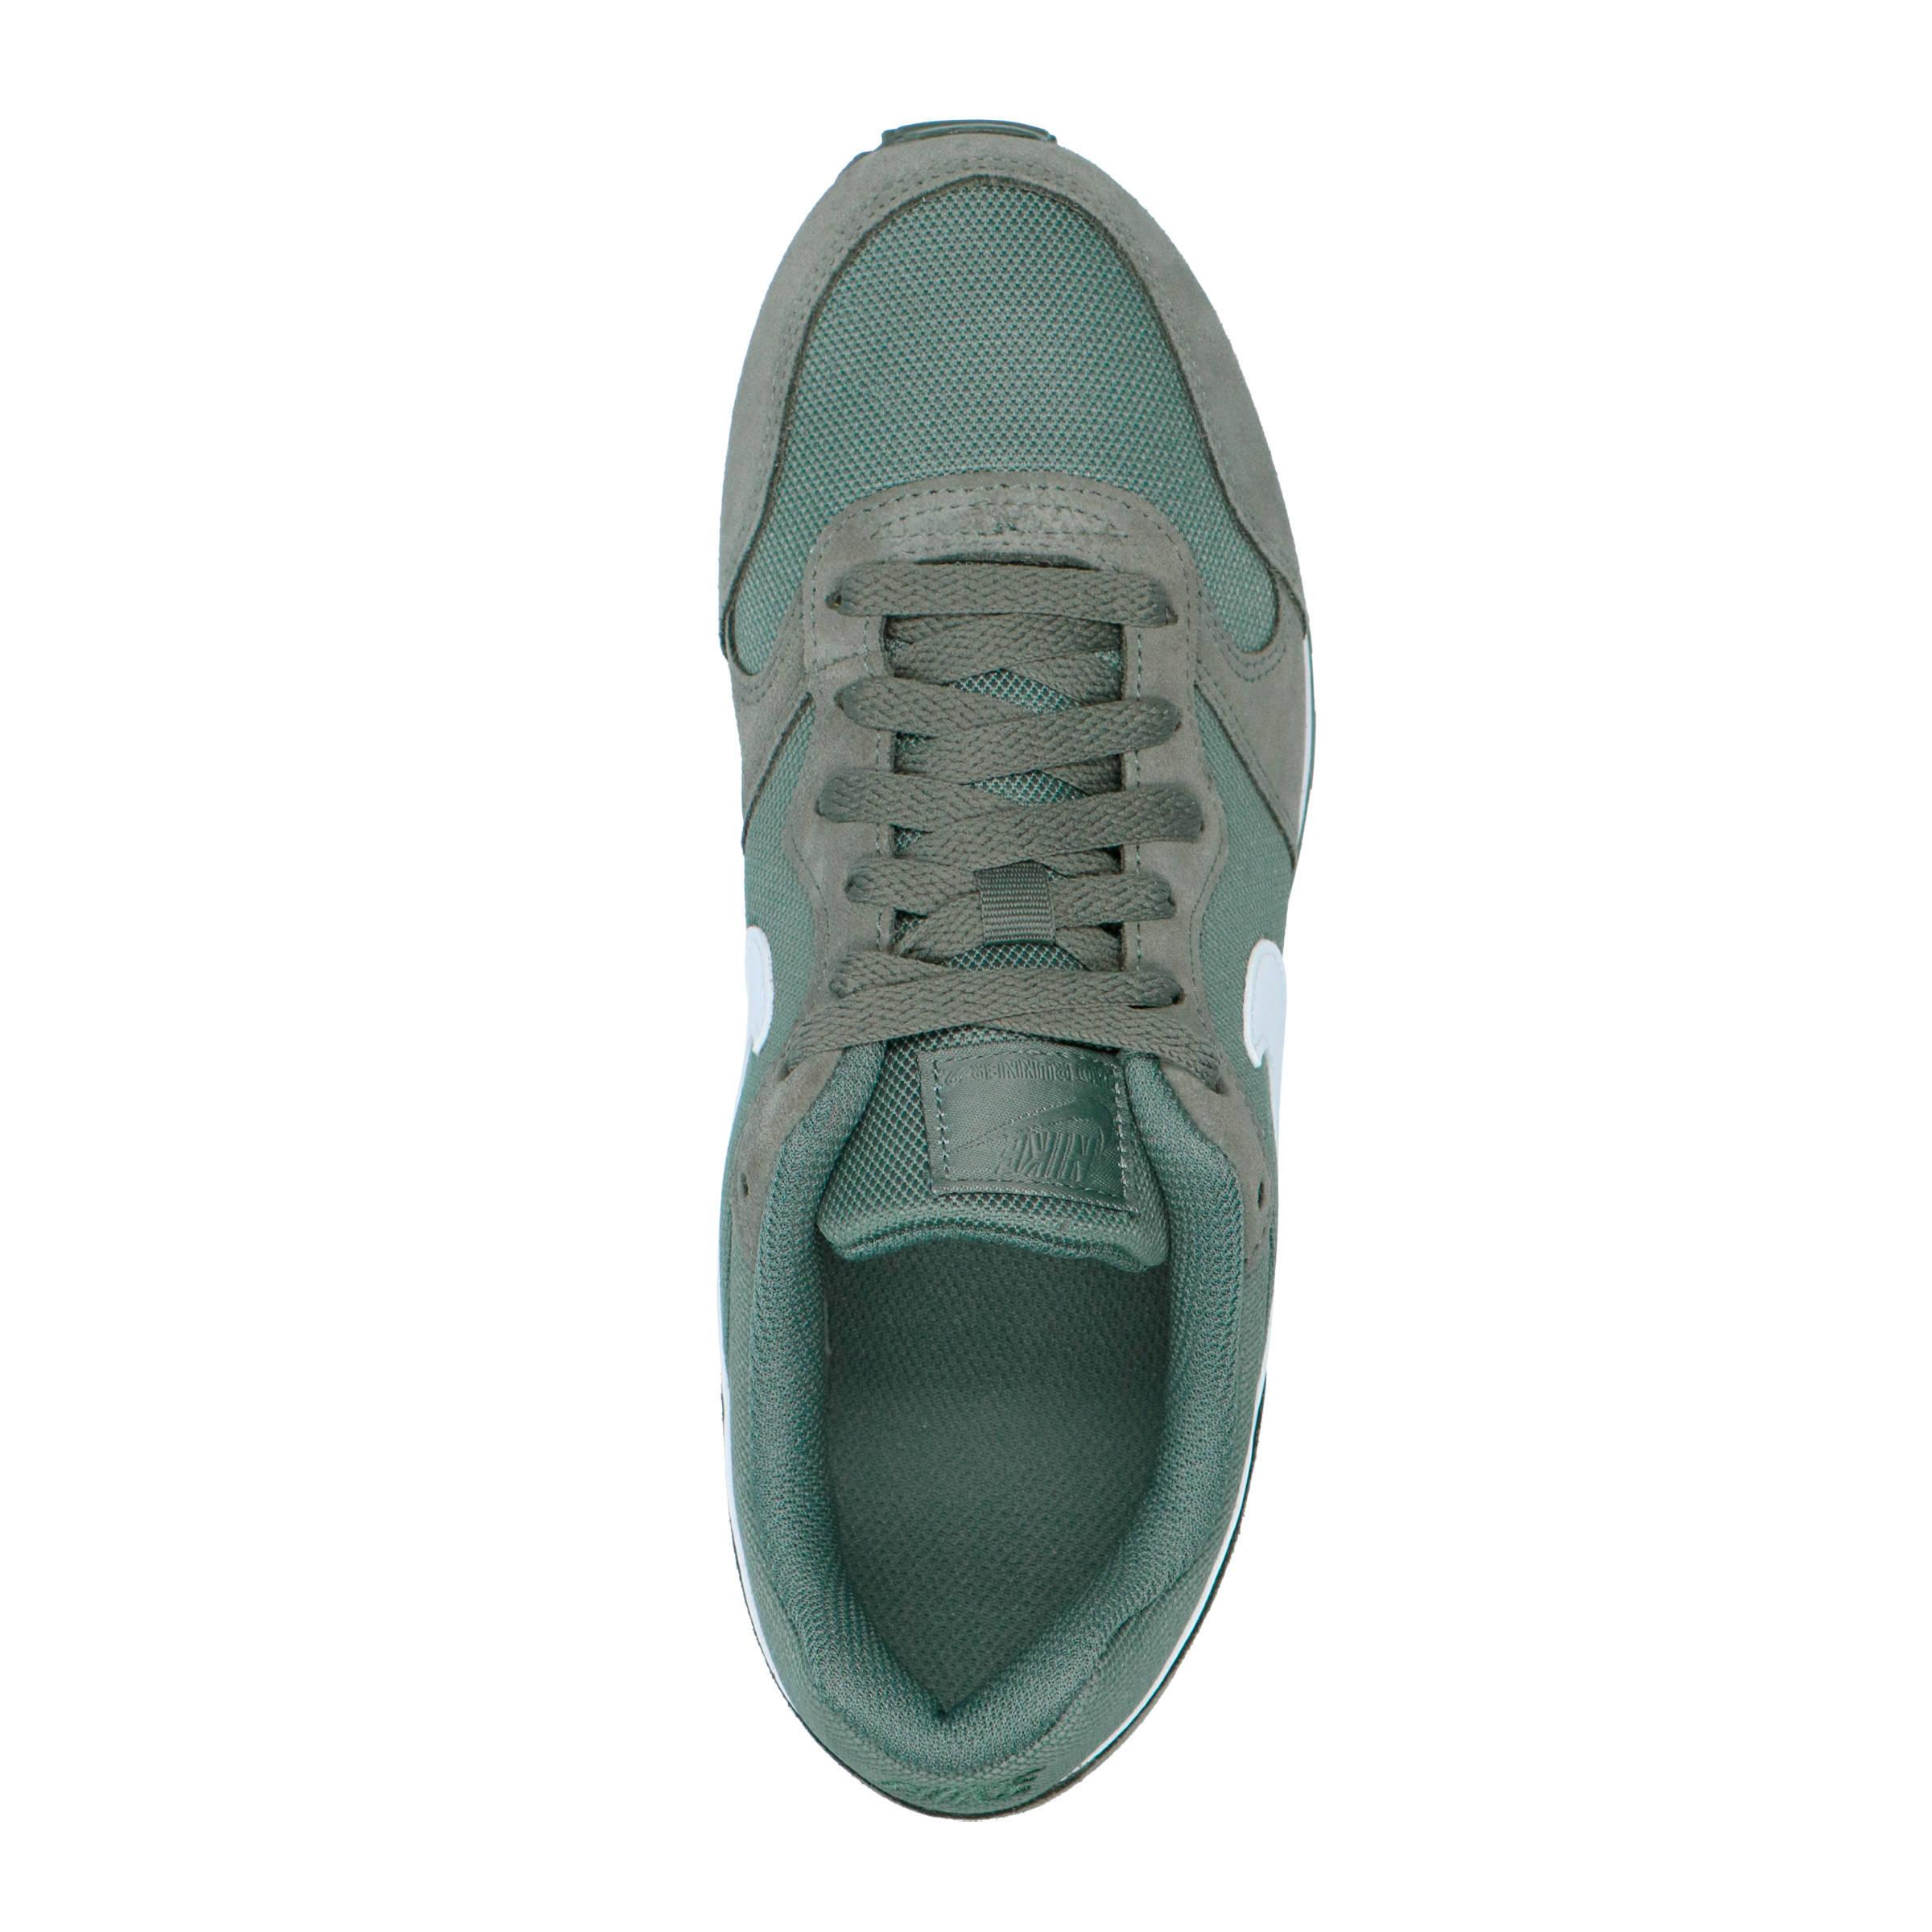 size 40 e714c d9df9 Nike MD Runner 2 PE sneakers groen grijs   wehkamp
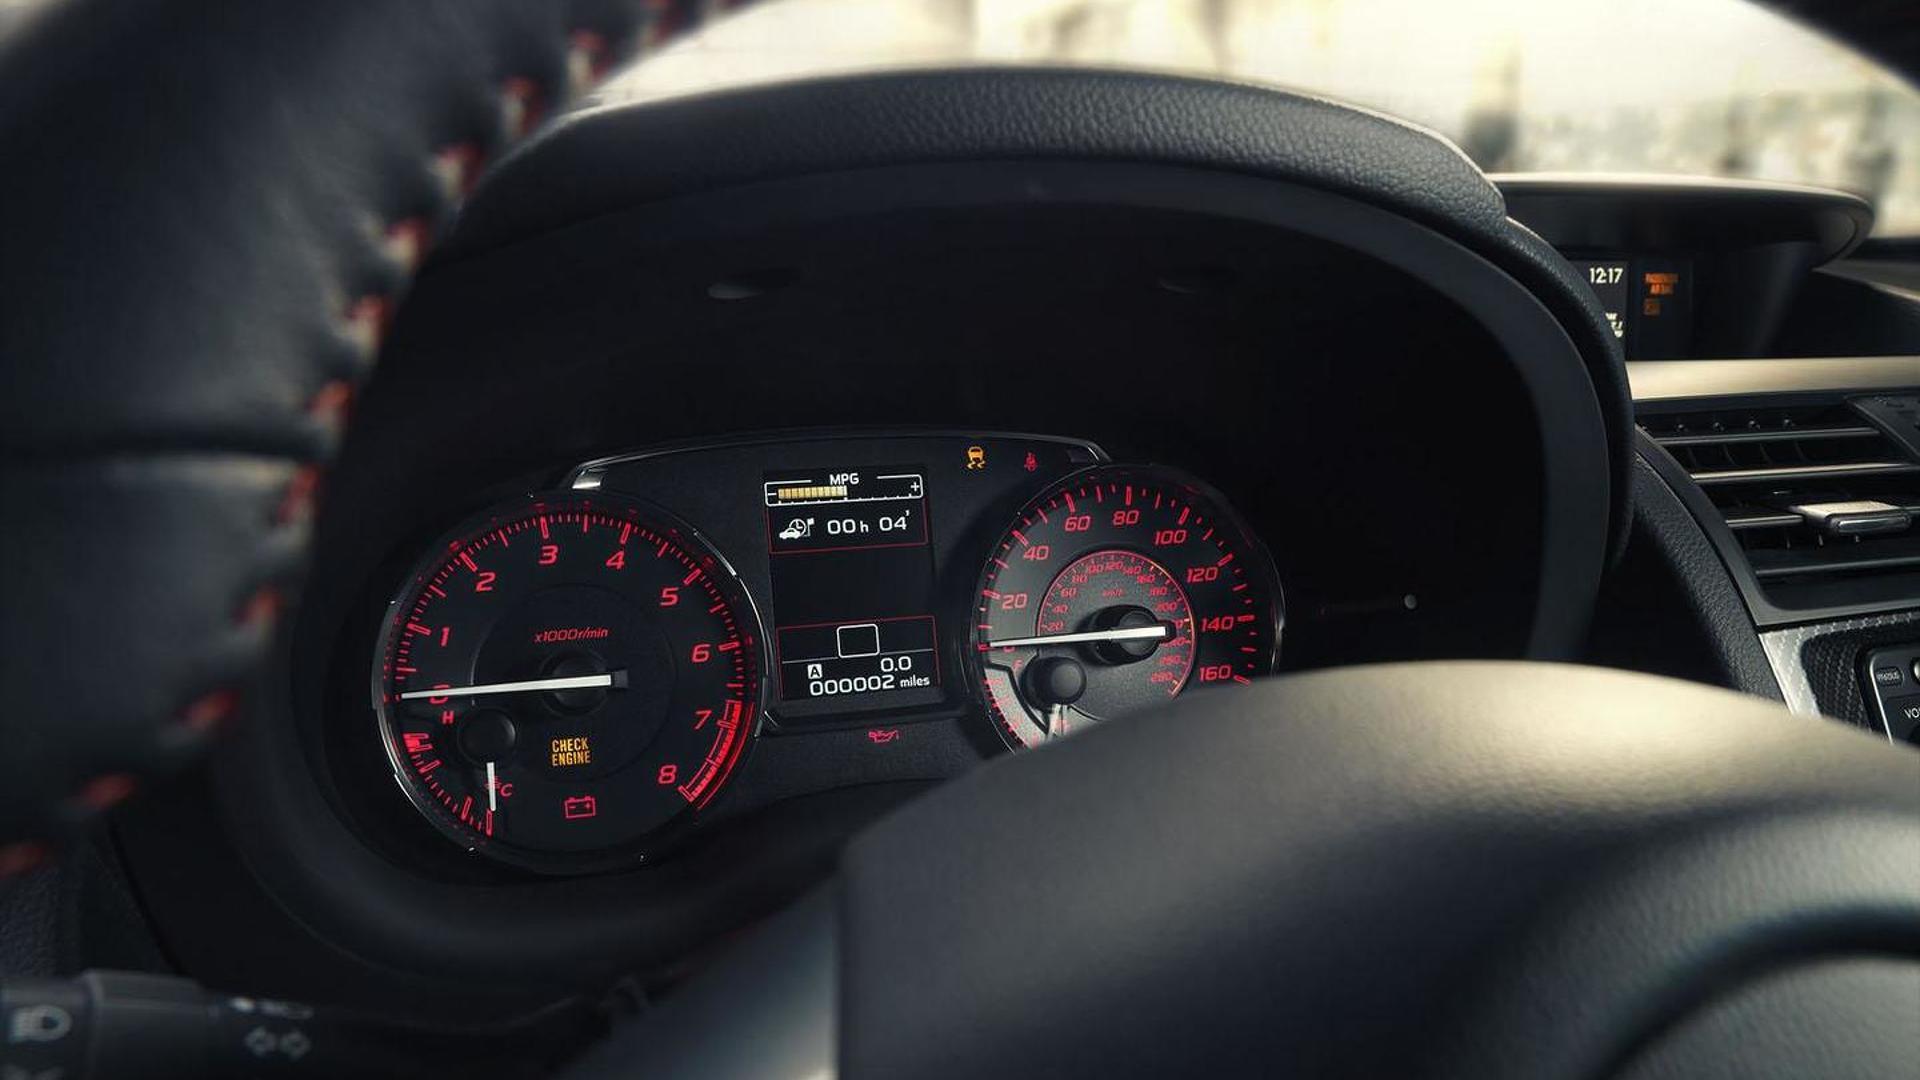 Subaru Wrx 0 60 >> 2015 Subaru Wrx Gets Detailed Can Accelerate From 0 60 Mph
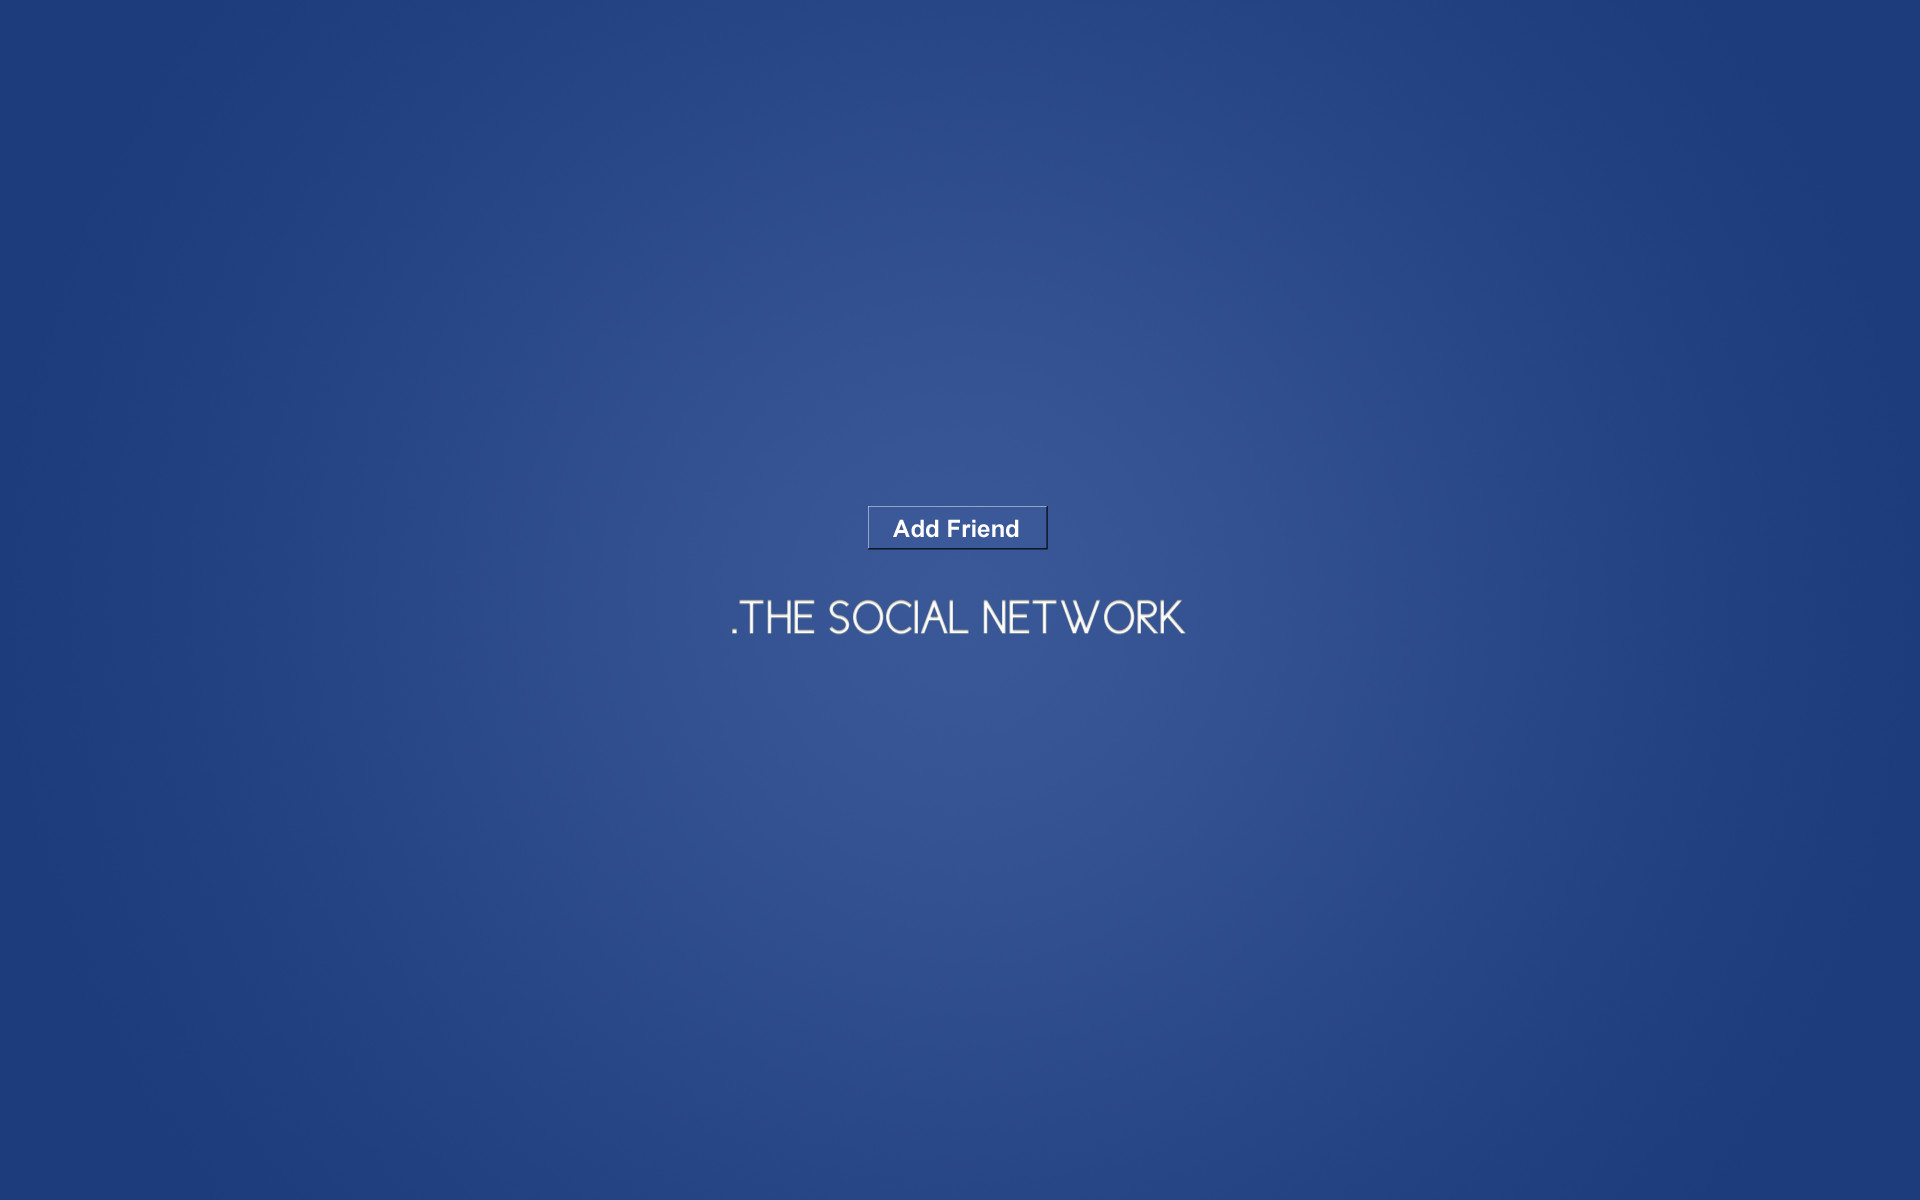 The Social Network Computer Wallpapers, Desktop Backgrounds .

PROBLEM REQUIREMENTS - Please retype the listing above word for word, skipping each picture.

SOLUTION TO THE PROBLEM -
 size 40 e714c d9df9 Nike MD Runner 2 PE sneakers groen grijs   wehkamp
 Subaru Wrx 0 60 >> 2015 Subaru Wrx Gets Detailed Can Accelerate From 0 60 Mph
 The Social Network Computer Wallpapers, Desktop Backgrounds .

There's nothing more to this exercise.